Ośrodkiem życia i działalności apostolskiej świętego była Eucharystia. W jego pismach, skierowanych zarówno do dzieci, młodzieży, jak i do rodziców czy wychowawców, do każdego wyznawcy Chrystusa, znaleźć można wiele tekstów mówiących o tym Sakramencie Miłości. W nauczaniu katechetycznym kładł niezwykle mocny akcent na obowiązek oddawania szczególnej czci Bogu w niedziele i święta poprzez uczestnictwo we Mszy św. oraz przystępowanie w tych dniach do świętych sakramentów. Radził młodym, by do świąt i różnych uroczystości przygotowywali się przez częstszą modlitwę, spowiedź i komunię św. Przypominał, że Eucharystia łączy nas ściśle z Panem Jezusem, pomnaża w nas łaskę uświęcającą, osłabia złe skłonności, a dodaje siły i ochoty do dobrego, oczyszcza z grzechów powszednich, a broni od śmiertelnych, jest zadatkiem chwalebnego zmartwychwstania i wiecznego szczęścia.
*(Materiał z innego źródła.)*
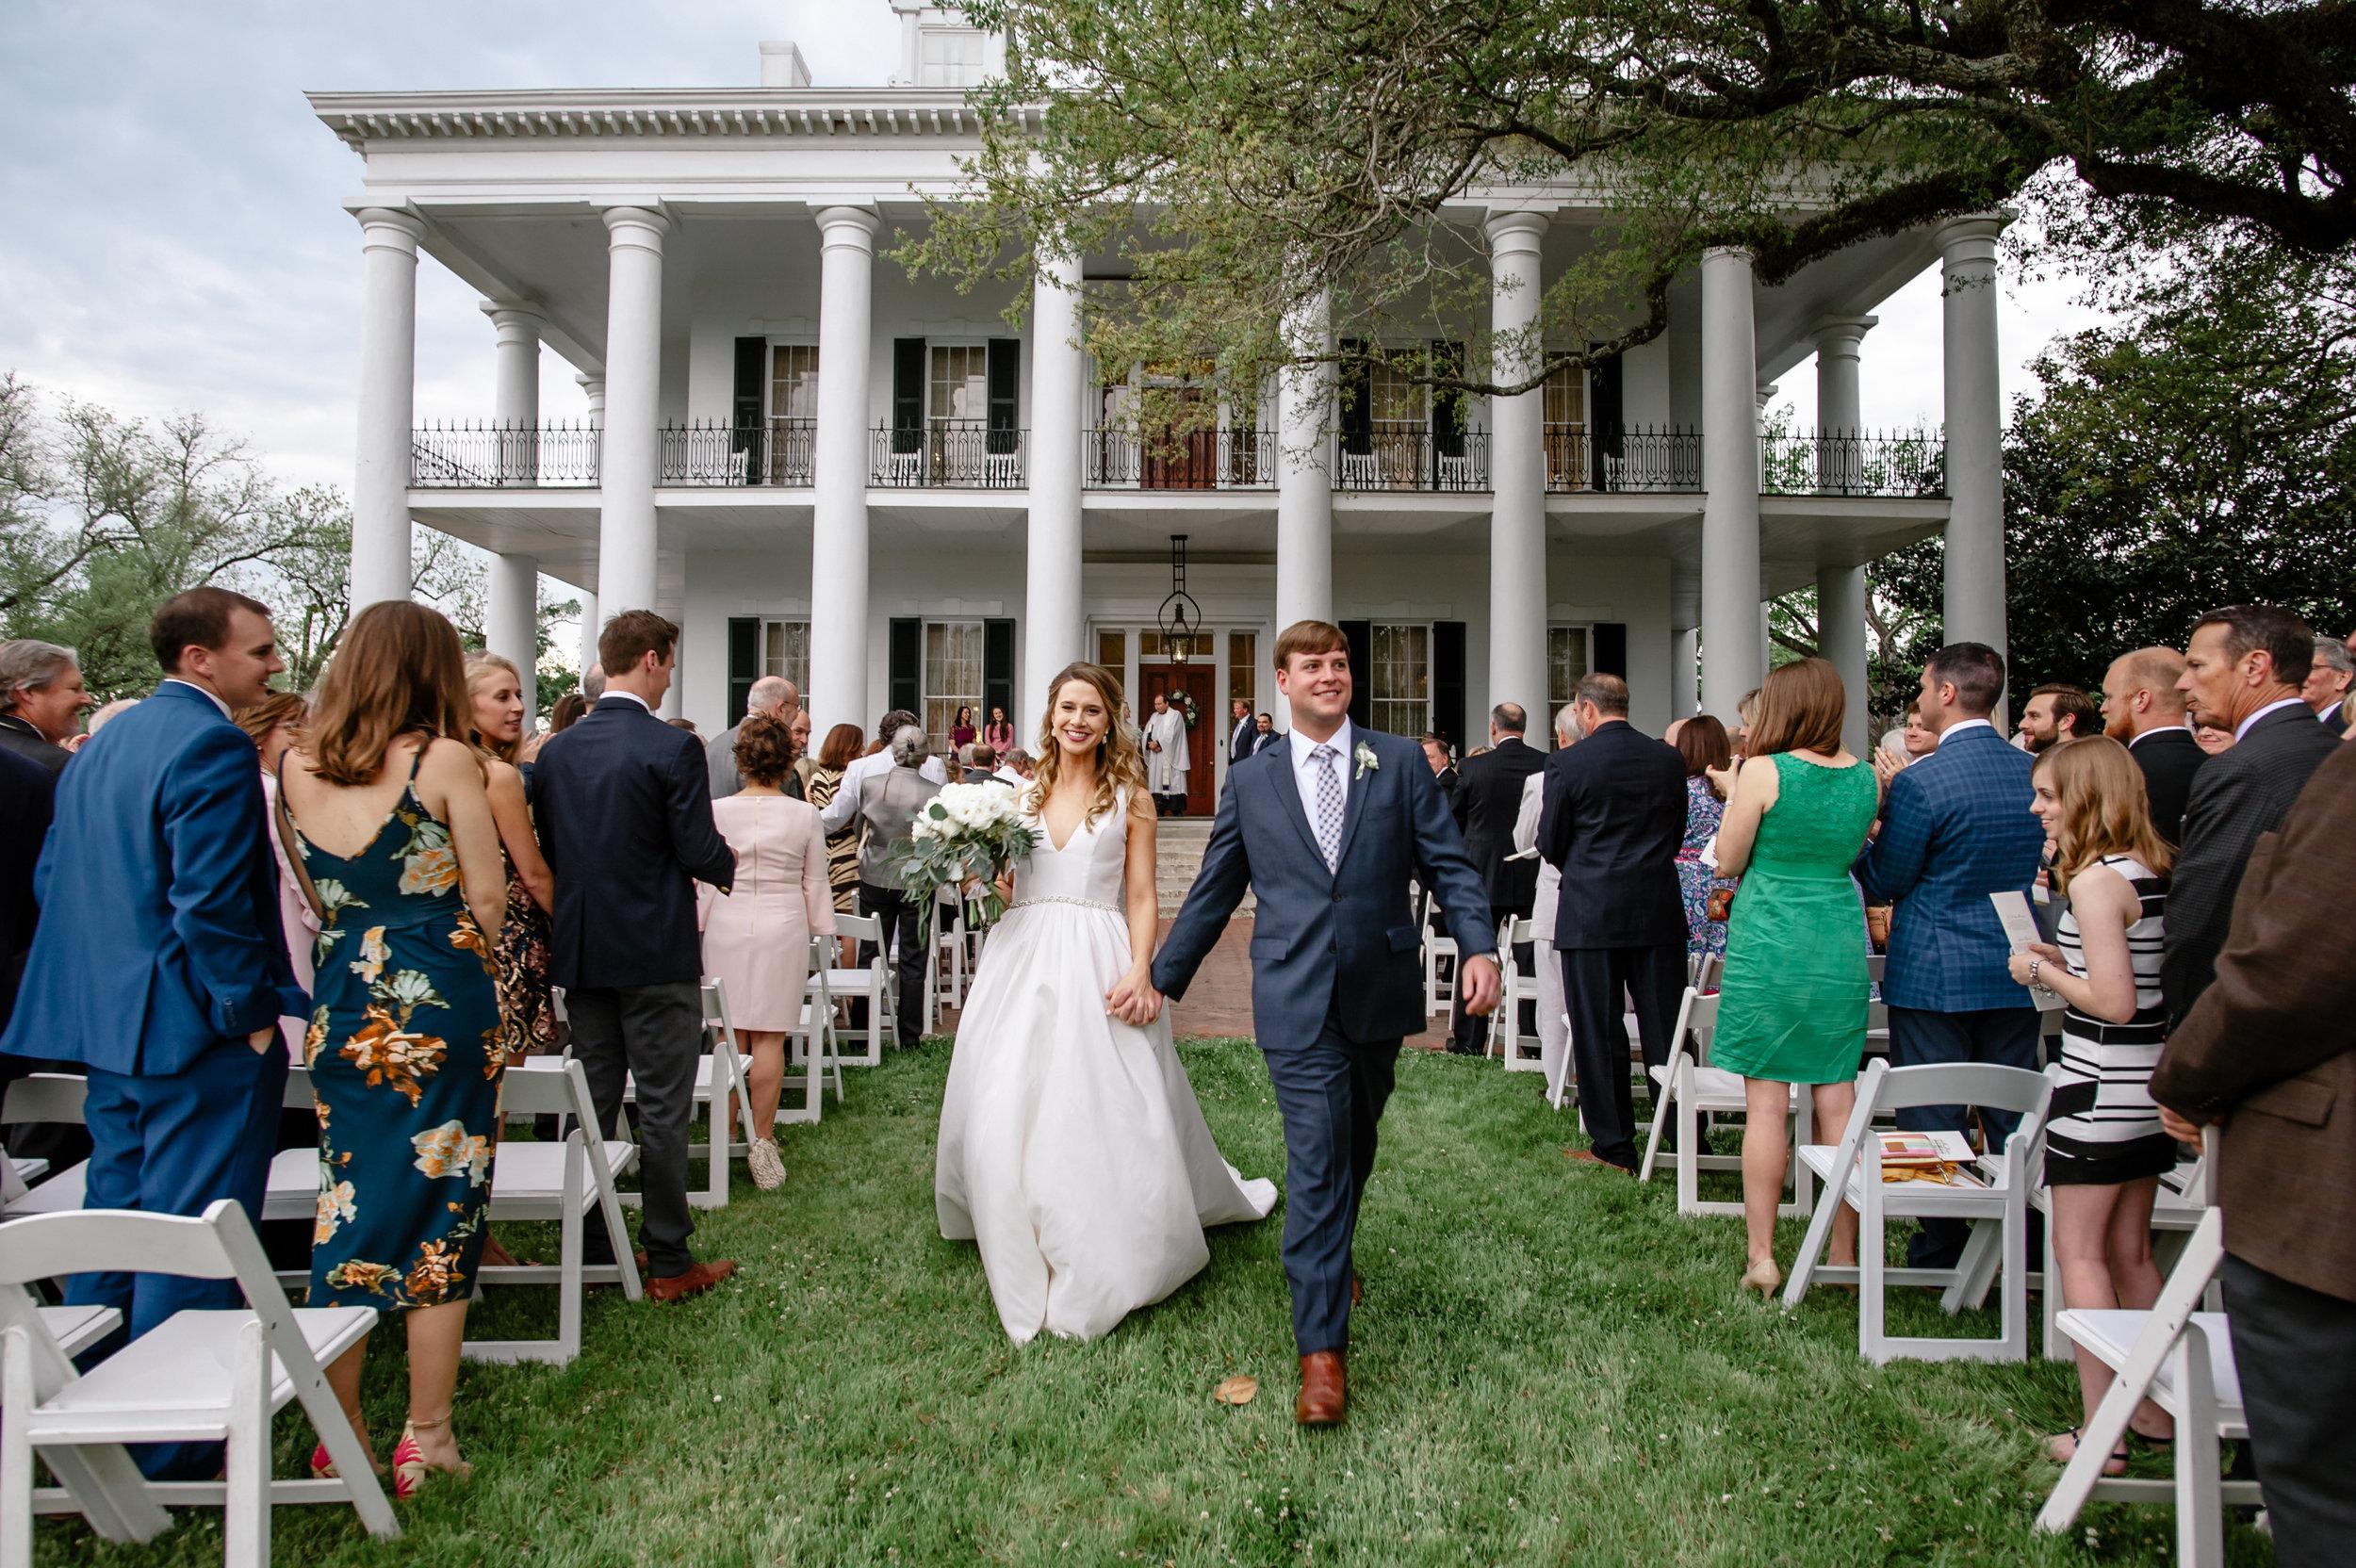 dunleith-plantaion-wedding-Natchez-mississippi

Pouczał w opracowanym przez siebie katechizmie, że «aby godnie przyjąć Komunię świętą (...) potrzeba oczyścić duszę ze wszystkich śmiertelnych grzechów, wzbudzić w sobie żywą wiarę, głęboką pokorę, gorącą miłość i pragnienie Pana Jezusa».
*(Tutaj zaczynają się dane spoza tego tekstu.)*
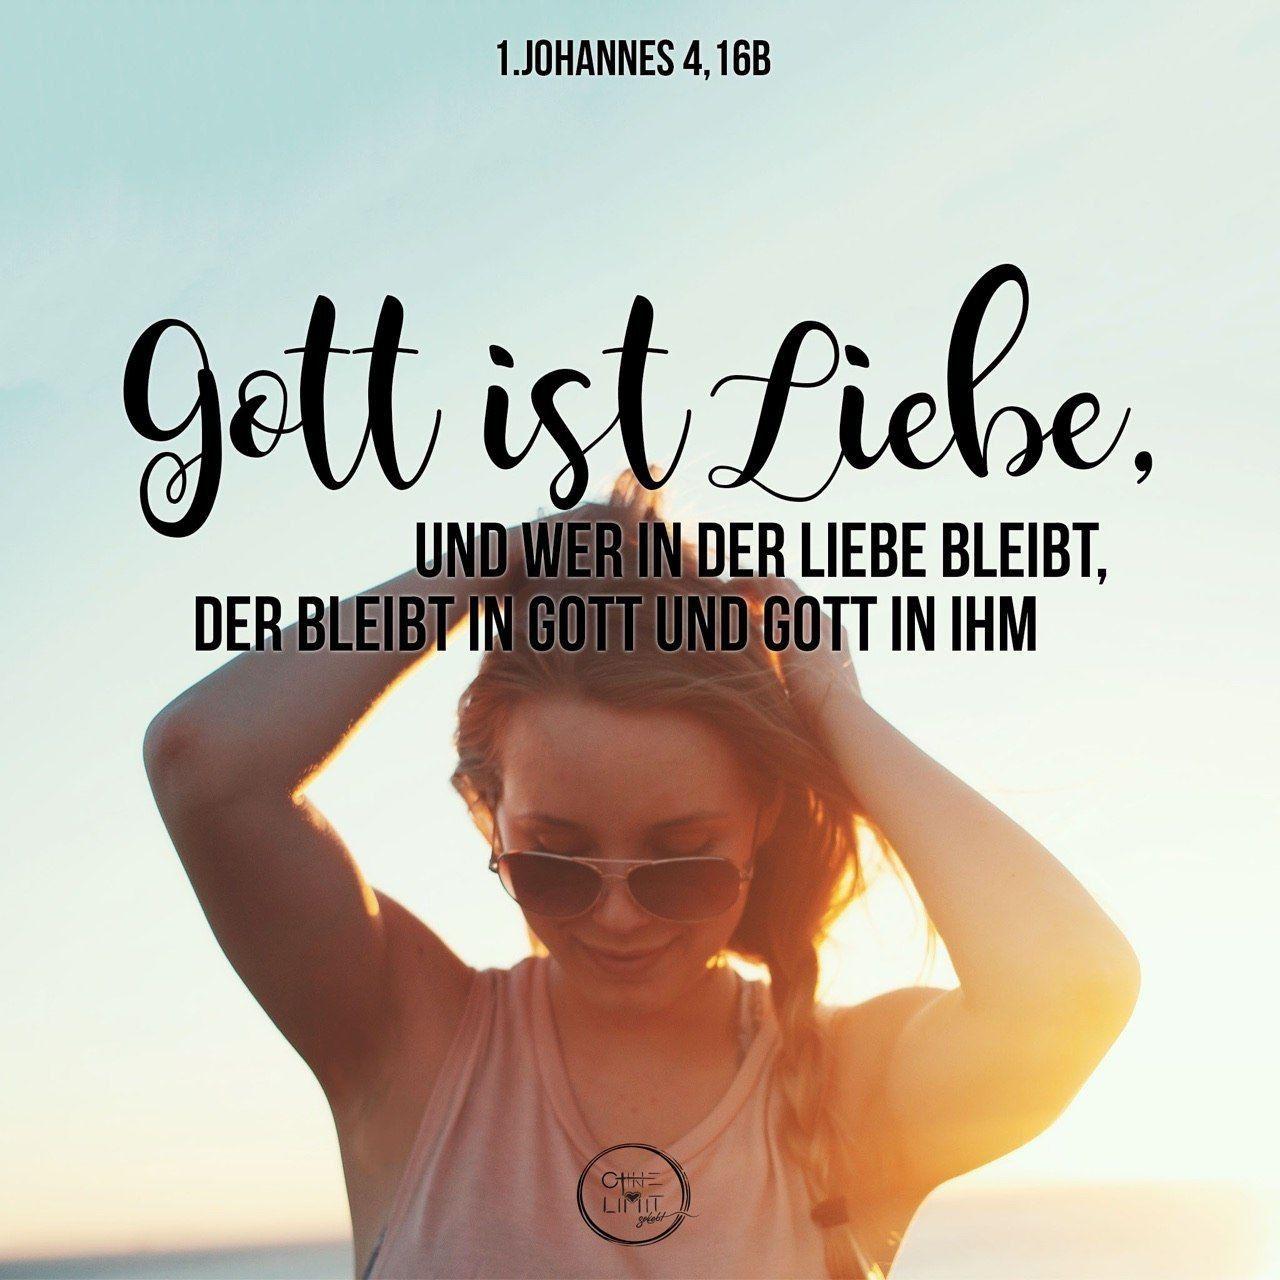 #liebe#vers#bibel#johannes#verseoftheday#ohnelimitgeliebt

Św. Zygmunt oczywiście nie tylko pisał o Eucharystii, ale przede wszystkim sam był człowiekiem Eucharystii. Znający go osobiście podkreślali, że: «Miał szczególne nabożeństwo do Najświętszego Sakramentu. (...) Wdrażał i zachęcał w swoich pismach i kazaniach do uczestnictwa we Mszy św. niedzielnej, którą uważał za skarbnicę łask i wytrwania w dobrym». Inny świadek dodaje, że często można go było spotkać «w cichym zakątku kaplicy na adoracji».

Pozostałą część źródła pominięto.